Сама по себе веревка – просто вещь, даже полезная, ее можно было использовать по-всякому. Интересно, он собирался задушить ее или только связать. Он хотел быть трезвым – в холодильнике стояли нетронутое пиво и полбутылки вина, она уверена, что он посмотрел, но выбрал овалтин. Он хотел отдавать себе отчет в своих действиях. Когда он увидел бы шрам, то, наверное, остановился бы, извинился, развязал ее и отправился домой к жене и детям, – Ренни не сомневалась, что он женат. А возможно, он знал, и это его заводило. «Мистер Икс, в спальне, с веревкой».

А когда тянешь веревку, которая исчезает где-то во тьме, что же оттуда появится? Что там, на конце, в конце? Пальцы, рука, плечо, наконец лицо. На том конце веревки находится некто. У каждого человека есть лицо, нет никаких «безликих незнакомцев».

* * *

Ренни опоздала к ужину. Ей приходится ждать у стойки, пока для нее накроют столик в ресторане. За стеной, в кухне, на пол обрушился поднос со столовыми приборами, послышалась приглушенная ругань. Через пятнадцать минут вышла официантка и строго сказала, что Ренни может пройти, – словно это был не ресторан, а зал суда.

Когда она подошла к входу в ресторан, оттуда вышла женщина с загаром чайного оттенка. Косы из светлых волос оплетают голову, ниже пурпурное платье без рукавов с оранжевыми цветами. Ренни кажется себе выцветшей.

Женщина улыбается ей сверкающими зубами, глядит голубыми кукольными глазами.

– Приветик! – говорит она.

Ее дружелюбный, сияющий взгляд напоминает Ренни отработанную манеру администраторш в ресторанах сети «Холидей Инн». Ренни ждет, что та добавит: «Хорошего дня». Улыбка все не сходит с лица женщины, и Ренни забеспокоилась, а вдруг они знакомы. Впрочем, она понимает, что этого не может быть, и улыбается в ответ.

На столах крахмальные белые скатерти и винные бокалы, внутри которых салфетки, сложенные наподобие веера. К цветочной вазе – один стол, один гибискус – приставлена карточка с напечатанным текстом – меню, но символическое, потому что выбора на самом деле нет. Еду приносят три официантки, в голубых платьях с расклешенной юбкой, в белых фартучках и чепчиках. Они не говорят ни слова и не улыбаются; возможно, им пришлось прервать собственный ужин.

Ренни начинает сочинять текст, по привычке и чтобы убить время, хотя вряд ли «Сансет Инн» будет отмечен в ее статье.

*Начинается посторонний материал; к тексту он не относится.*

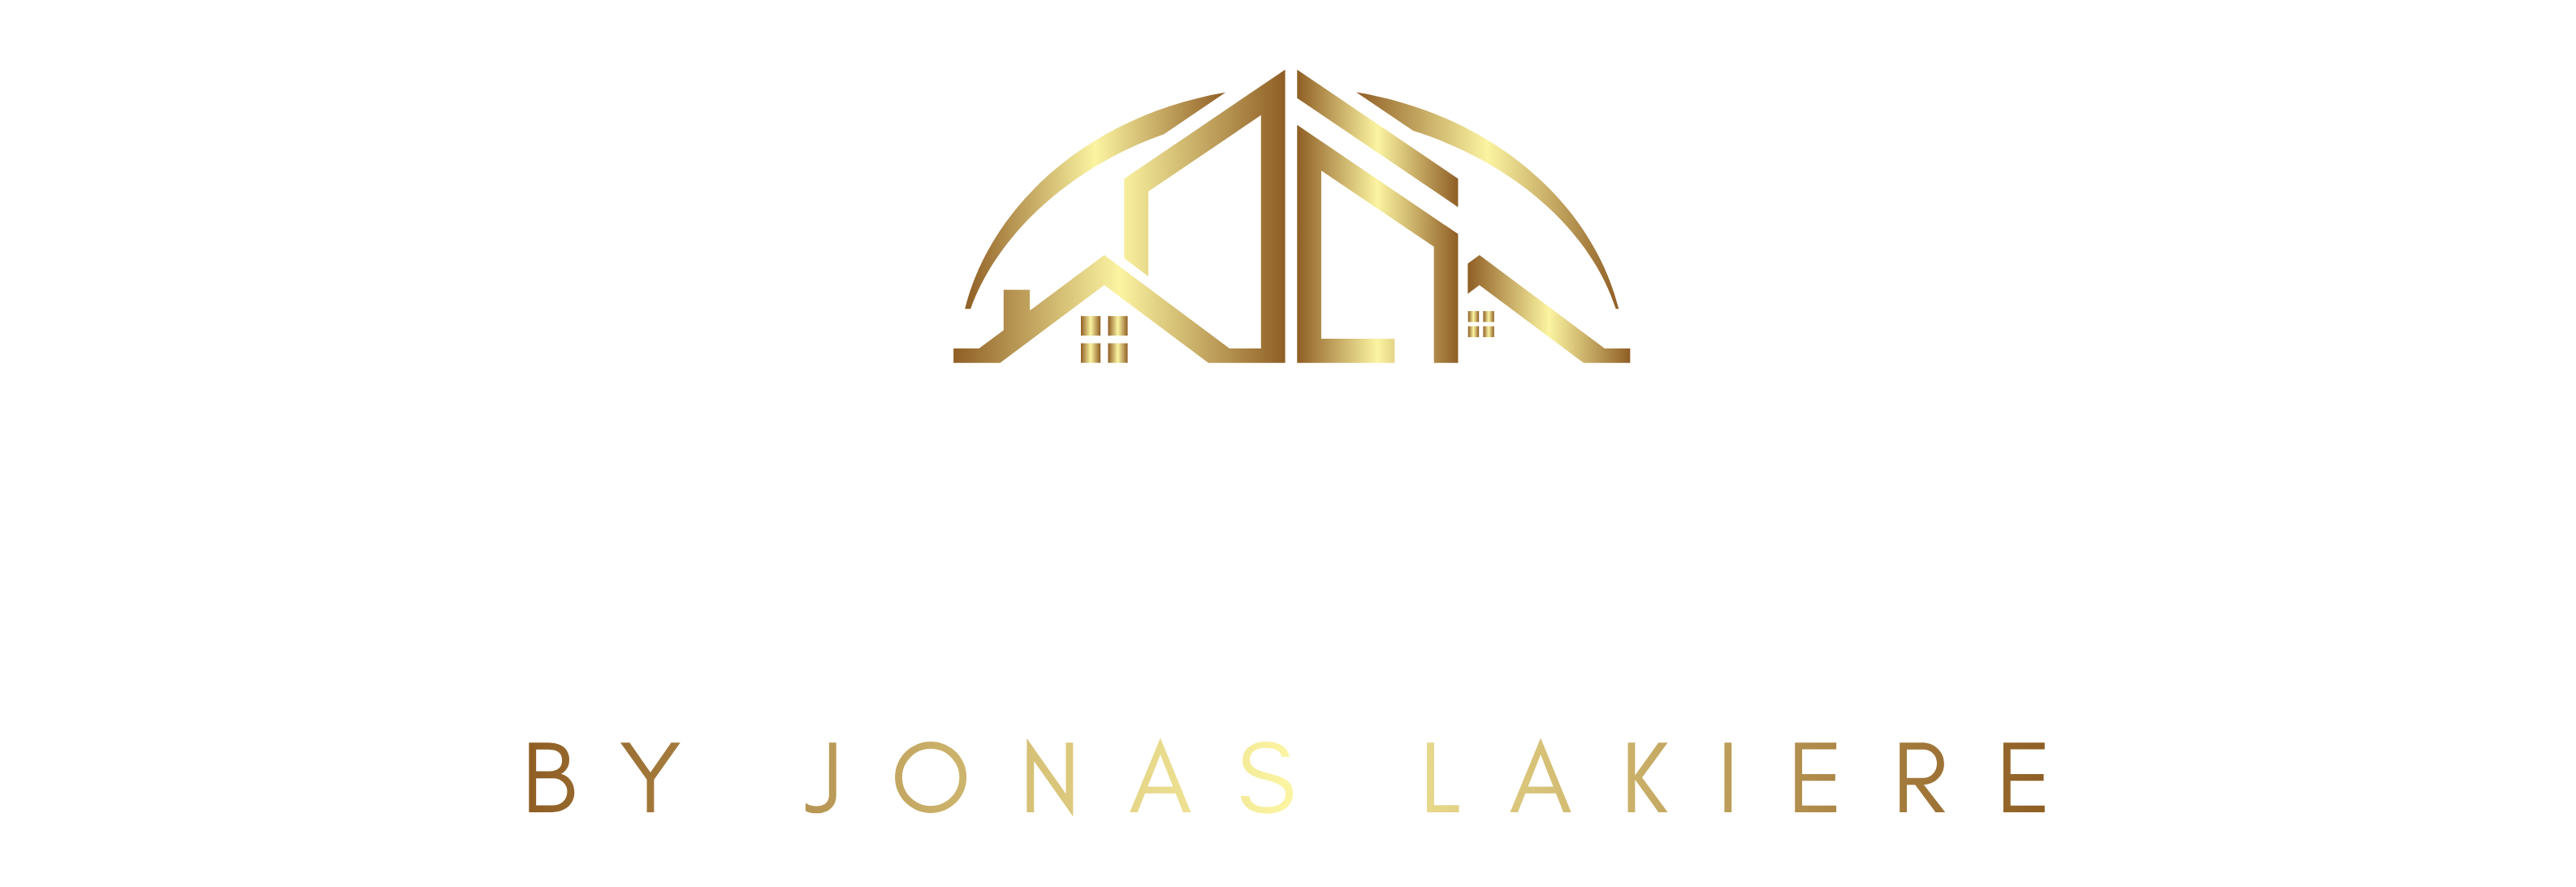 Projects Unlimited by Jonas Lakiere
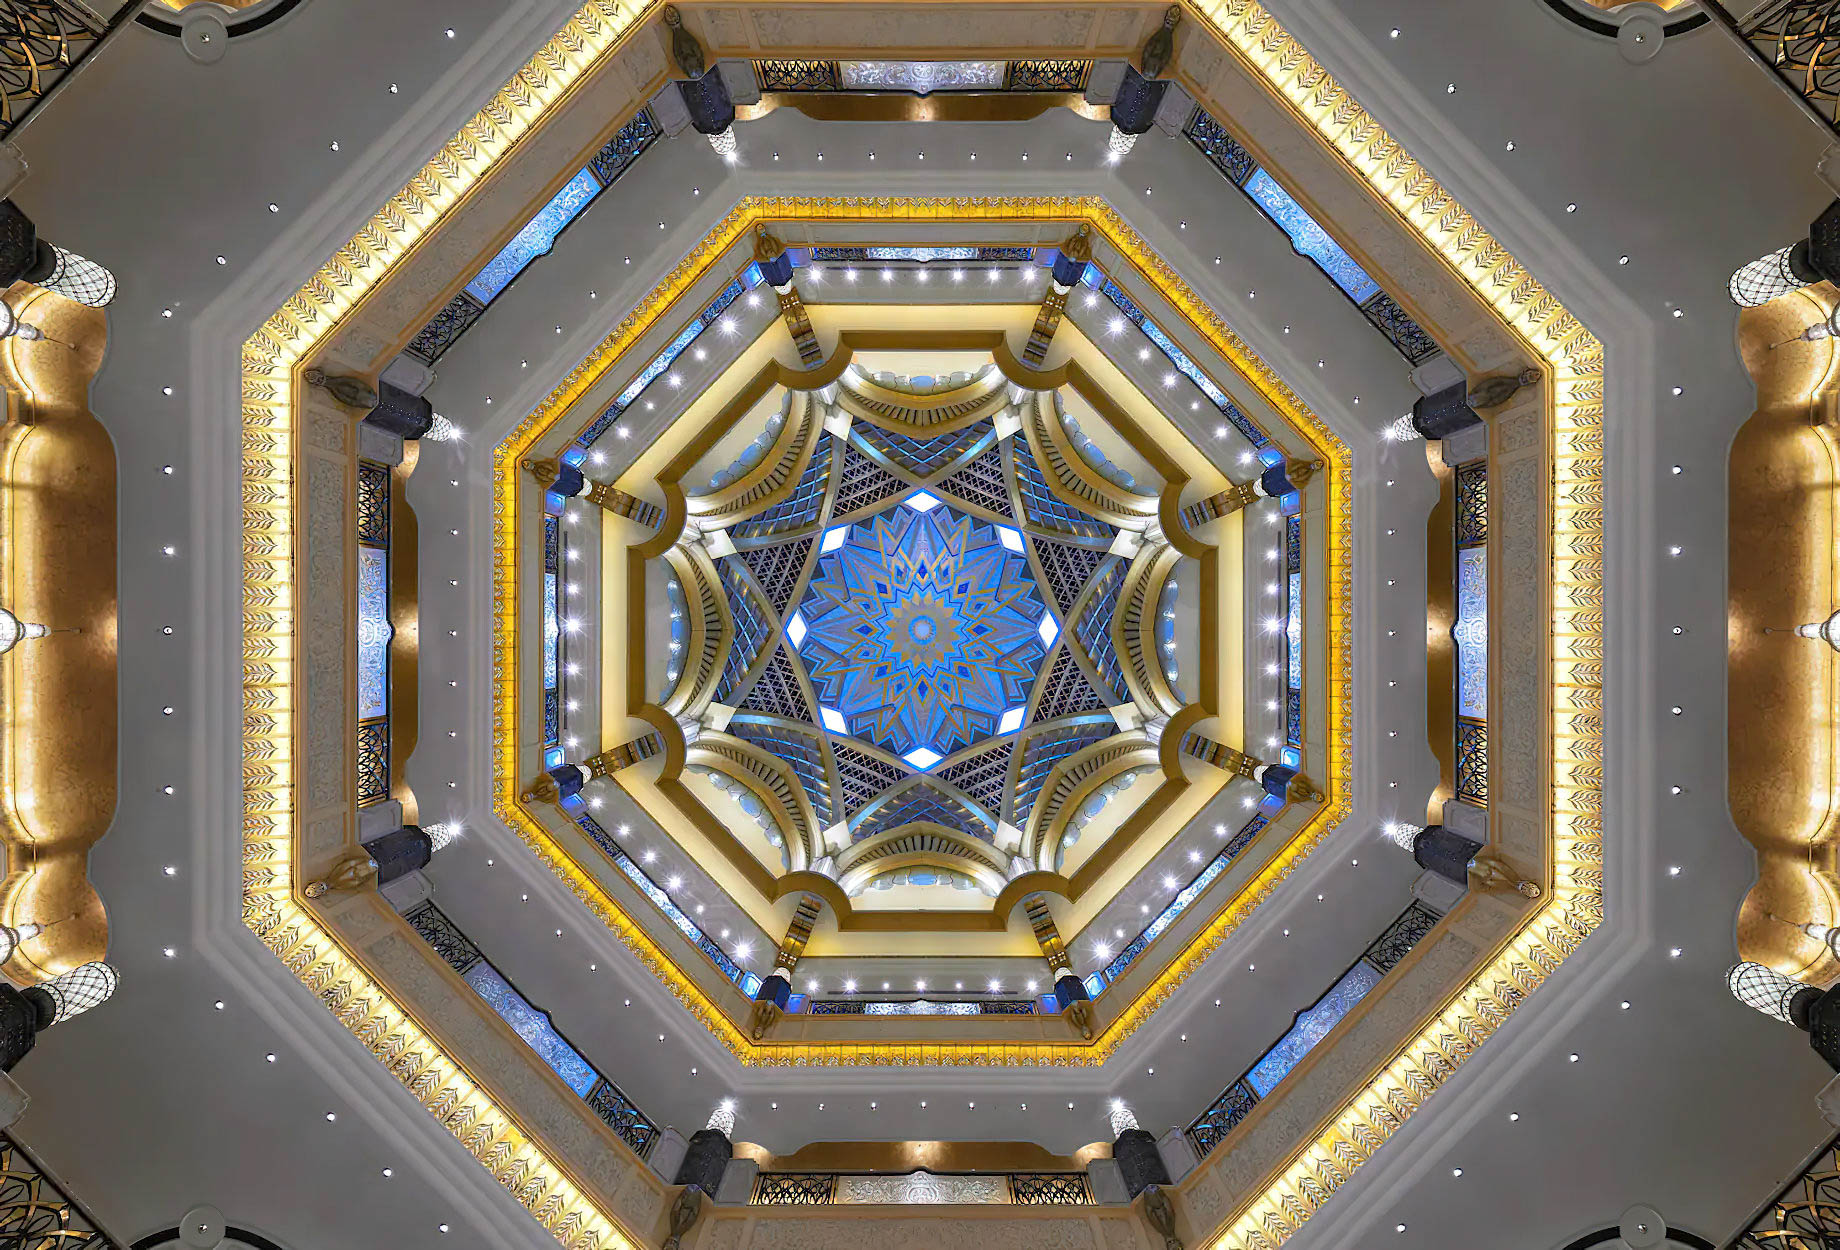 Emirates Palace Abu Dhabi Hotel – Abu Dhabi, UAE – Ceiling Dome

Интерьер неброский, до боли напоминающий провинциальные английские отели с их цветочными обоями и парой-тройкой эстампов со сценами охоты. Потолочные вентиляторы – приятный штрих. Мы начинаем с местного хлеба и масла – пожалуй, немного сомнительной свежести. Затем приносят (она поглядела в меню) тыквенный суп, впрочем, отнюдь не в диетической версии, возможно привычной для североамериканцев. Мой сотрапезник…

Но у нее нет сотрапезника. В подобных текстах необходимо присутствие собеседника, пусть и выдуманного. Мысль о том, чтобы пойти в ресторан и сидеть там в одиночестве, кажется читателям слишком тоскливой. Им нужен задор, намек на флирт, не помешает винная карта.

Но Ренни забывает об этом, потому что приносят ростбиф, слишком тонкий, песочного цвета и покрытый соусом, смахивающий на полуфабрикат. Гарнир – кусочек батата в форме кубика и нечто светло-зеленое, видимо переваренное. Такое можно есть только с голодухи.

Ей вспомнилась ироническая статья, которую она написала несколько месяцев назад, о разных фастфудах. Это было для «Пандоры», для раздела «Свингующий Торонто». Как-то она написала для них статью о том, как кадрить мужчин в ландроматах, ненавязчиво и безопасно, с перечислением «хороших» ландроматов. Посмотрите на его носки. А если он просит одолжить ему порошок – это дохлый номер.